== Work to be completed ==
Give all the lines below again, exactly, with no pictures.

(Source data)
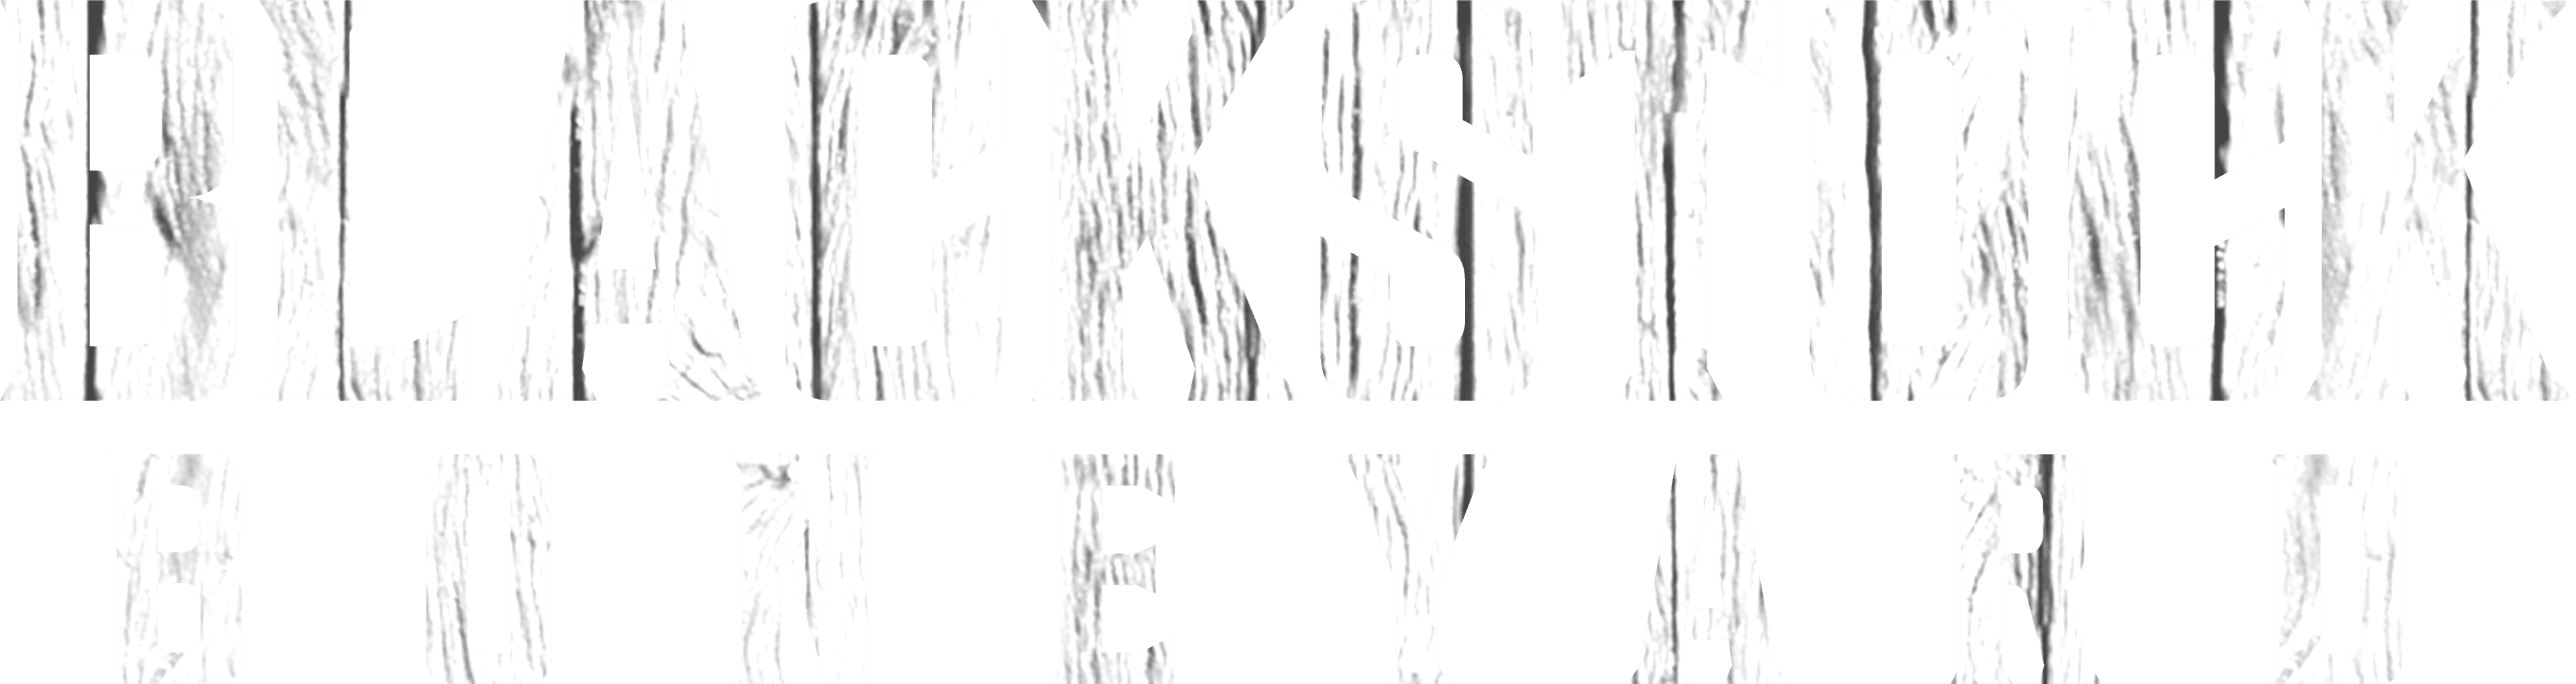 Blackstock Boneyard logo
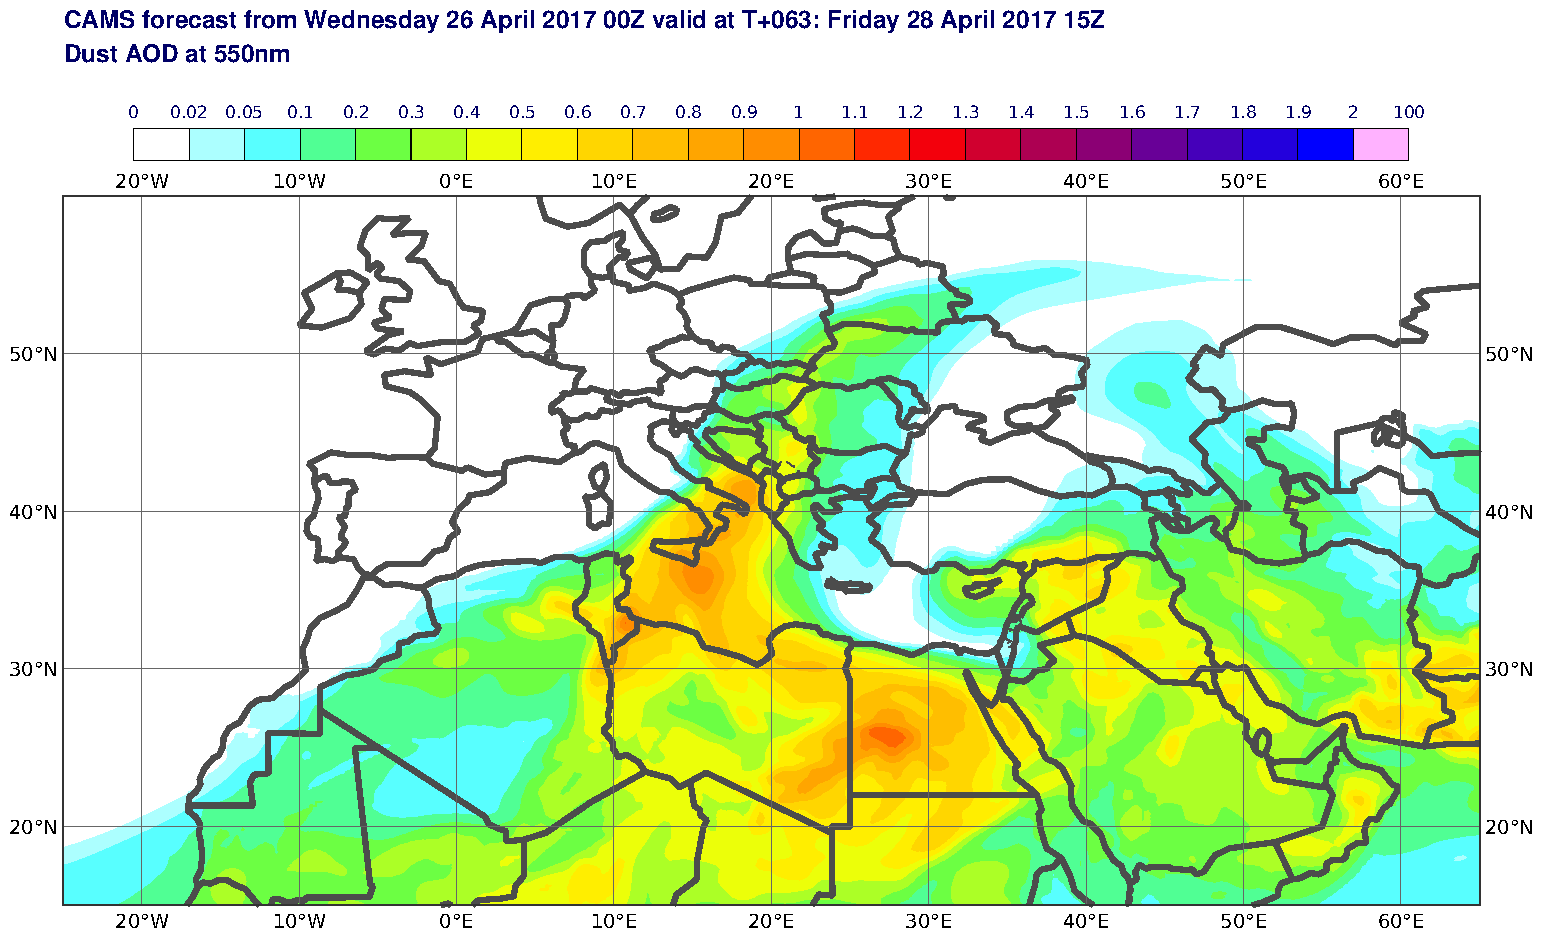 Dust AOD at 550nm valid at T63 - 2017-04-28 15:00
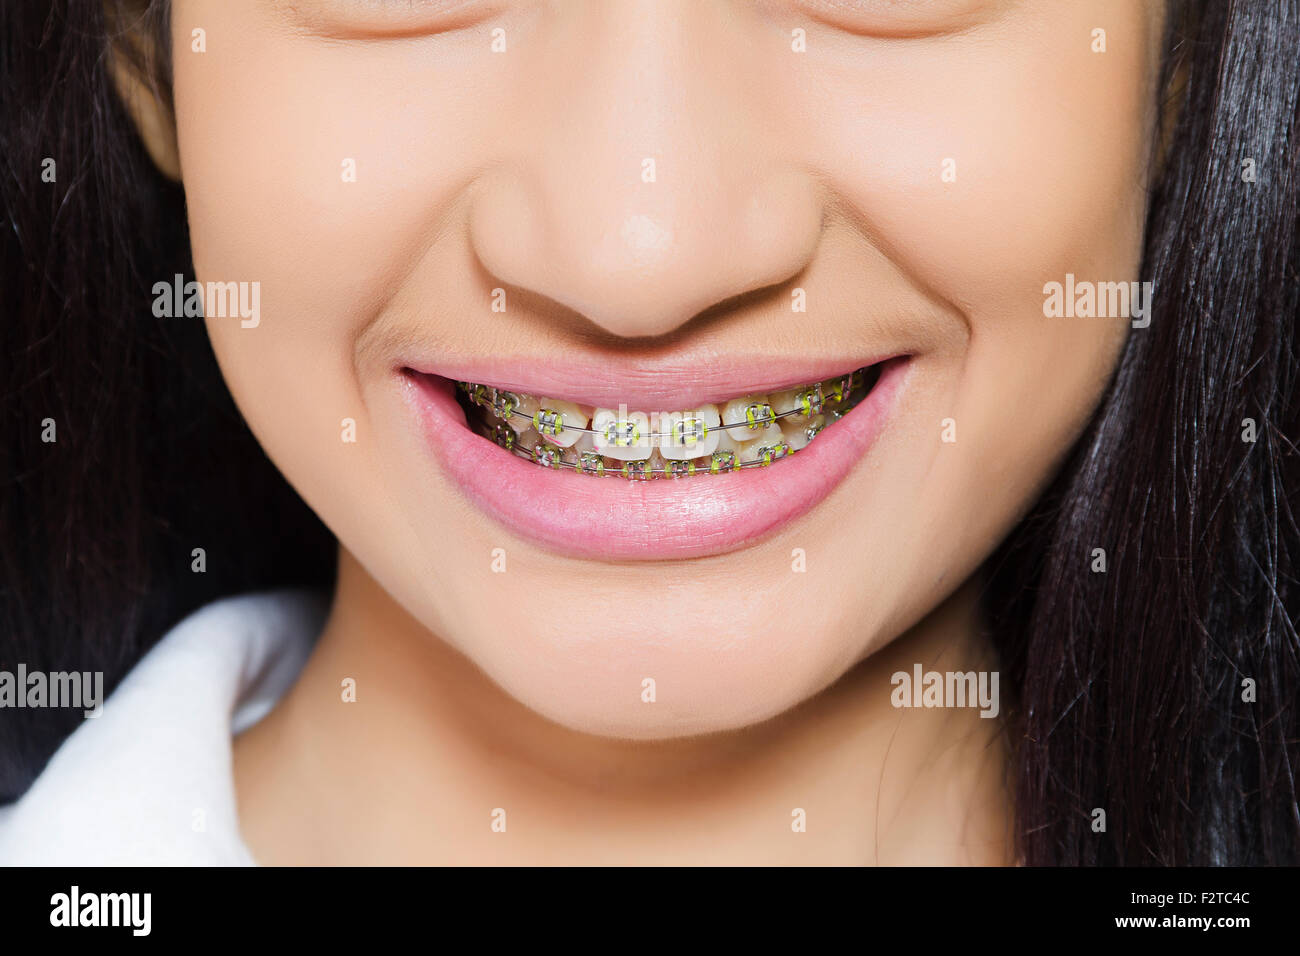 1 indian Teenager Girl Teeth Showing Stock Photo
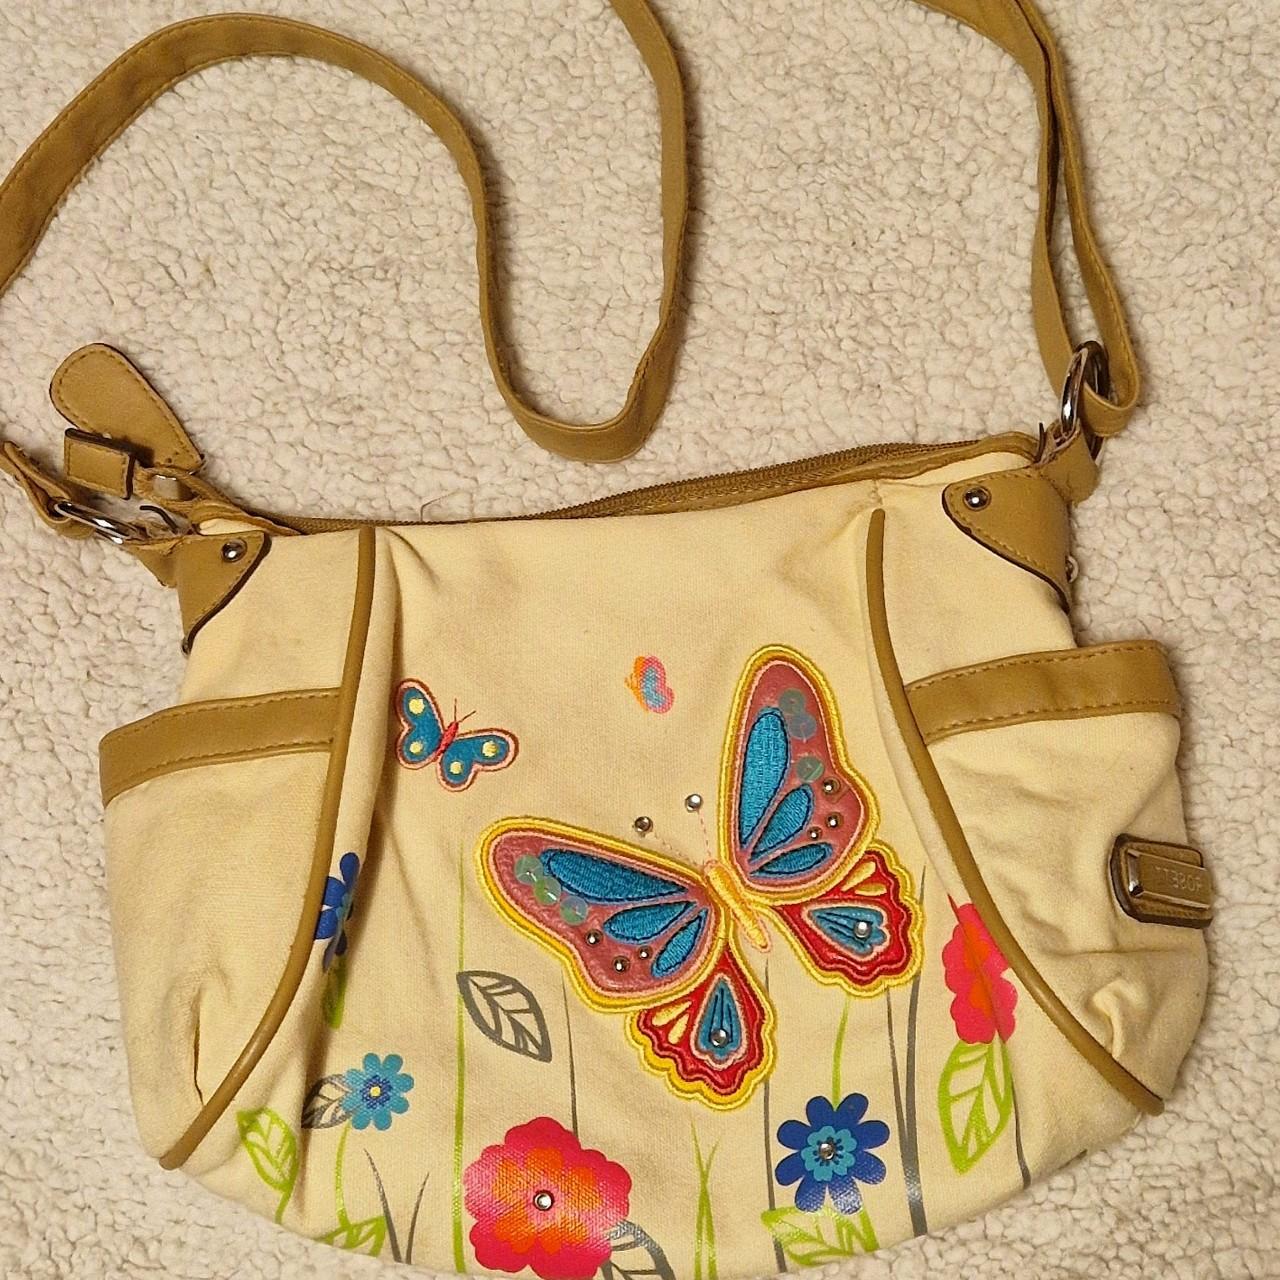 Rosetti Butterfly Embroidered Handbag | eBay
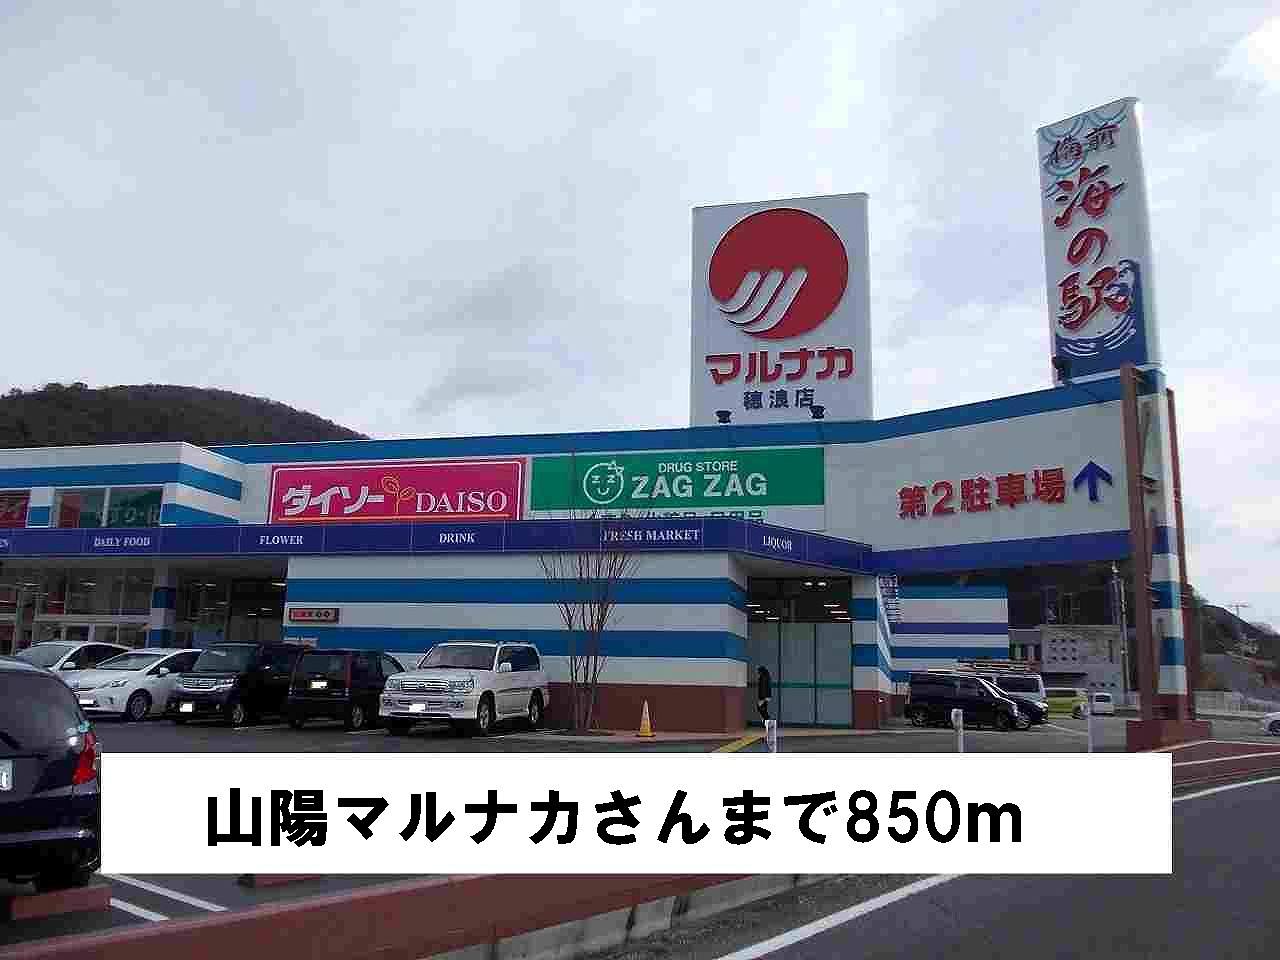 Supermarket. 850m to Sanyo Marunaka's (super)

== Written solution ==
 Blackstock Boneyard logo
 Dust AOD at 550nm valid at T63 - 2017-04-28 15:00
 1 indian Teenager Girl Teeth Showing Stock Photo
 Rosetti Butterfly Embroidered Handbag | eBay
 Supermarket. 850m to Sanyo Marunaka's (super)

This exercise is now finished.